Plaintiff's claim for an equitable accounting against Weiss appears deficient in another respect not raised by the parties. The complaint nowhere plausibly alleged that Weiss was entrusted with “money or property . . . imposing upon [it] a burden of accounting.” Baiul, 2016 WL 1587250, at *10. While the complaint demands that Weiss “fully account for all advertisement revenue earned by it and payable to Plaintiff in connection with the [John Batchelor] Show,” there is no allegation Weiss actually was responsible for collecting any such advertising revenues. Compl. ¶ 145. And while the complaint suggests Weiss “was involved in marketing podcasts of the [John Batchelor] Show,” id., and so may have knowledge of moneys received by Audioboom in connection with it, a claim for equitable accounting requires that the defendant, not a third party, receive the funds.

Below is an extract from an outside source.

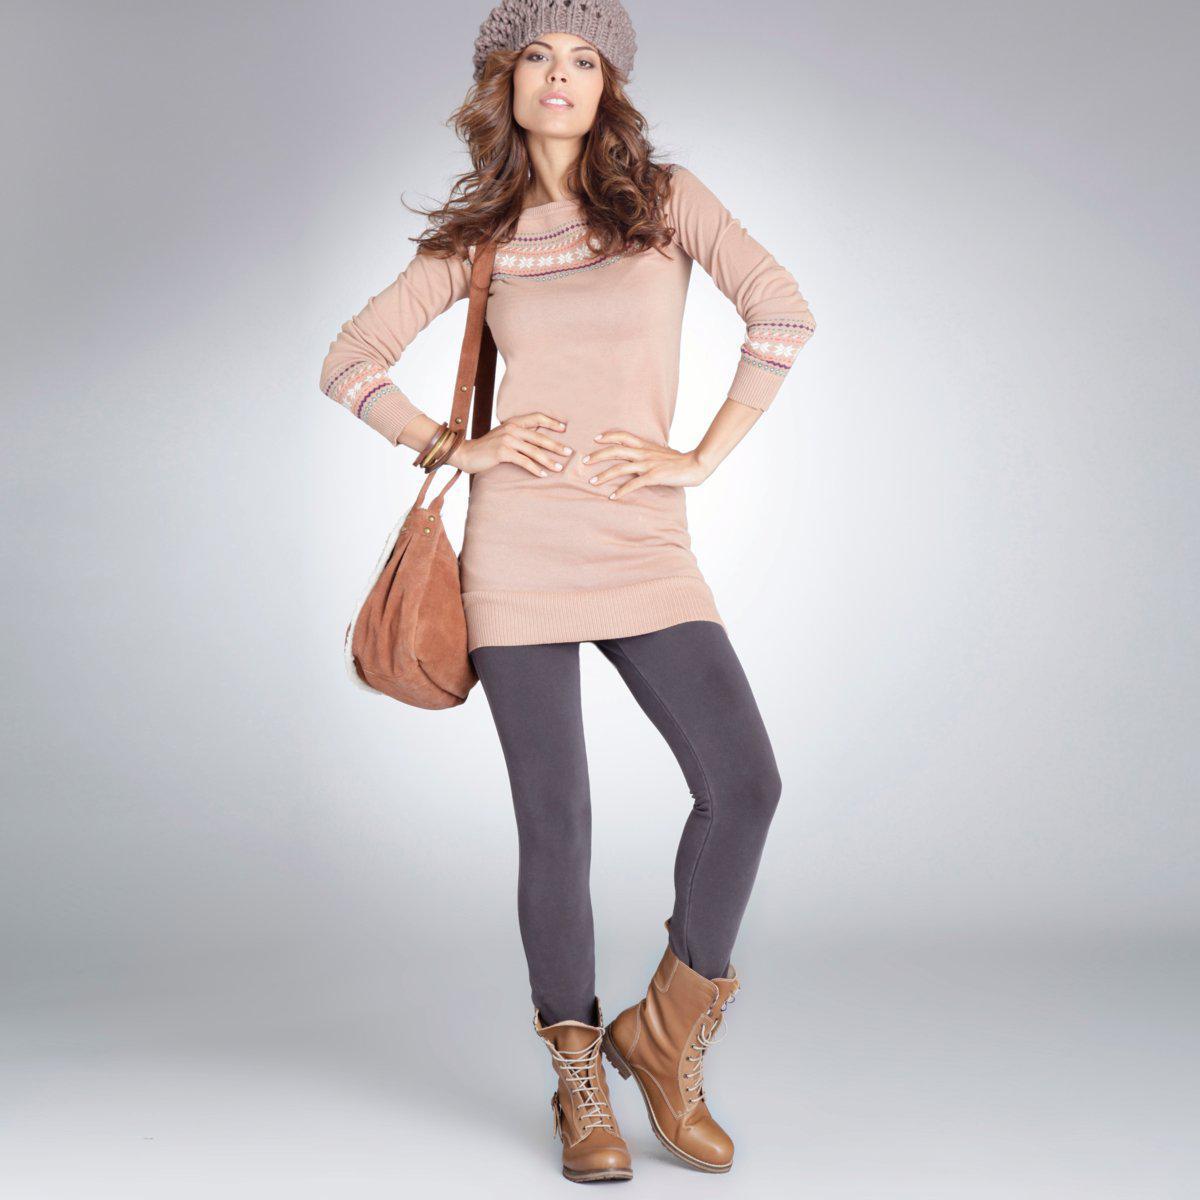 bradyna foremata 241 - Βραδυνα Φορεματα LaRedoute Φθινόπωρο 2011 Κωδ. 324215109

Plaintiff argues that any determination of whether a fiduciary relationship exists is necessarily fact specific, and so is not appropriate for resolution at this stage. See Pls. Opp. at 19-20; JPMorgan Chase Bank, N.A. v. IDW Grp., LLC, 2009 WL 321222, at *9 (S.D.N.Y. Feb. 9, 2009) (“Because the inquiry as to whether a fiduciary relationship exists is necessarily fact-specific, a claim alleging the existence of a fiduciary duty usually is not subject to dismissal under Rule 12(b)(6).” (internal citations and quotation marks omitted)). But notwithstanding the fact-specific nature of the inquiry, dismissal is proper where, as here, the complaint is completely devoid of non-conclusory allegations that support the existence of a fiduciary relationship. See, e.g., Pauwels, 83 F.4th at 184 (affirming dismissal of complaint where the “non-conclusory allegations in the SAC demonstrate that [defendant's] relationship with [plaintiff] was no more than a standard business relationship of mutual economic benefit, comparable to an employer-employee relationship negotiated at arm's length”).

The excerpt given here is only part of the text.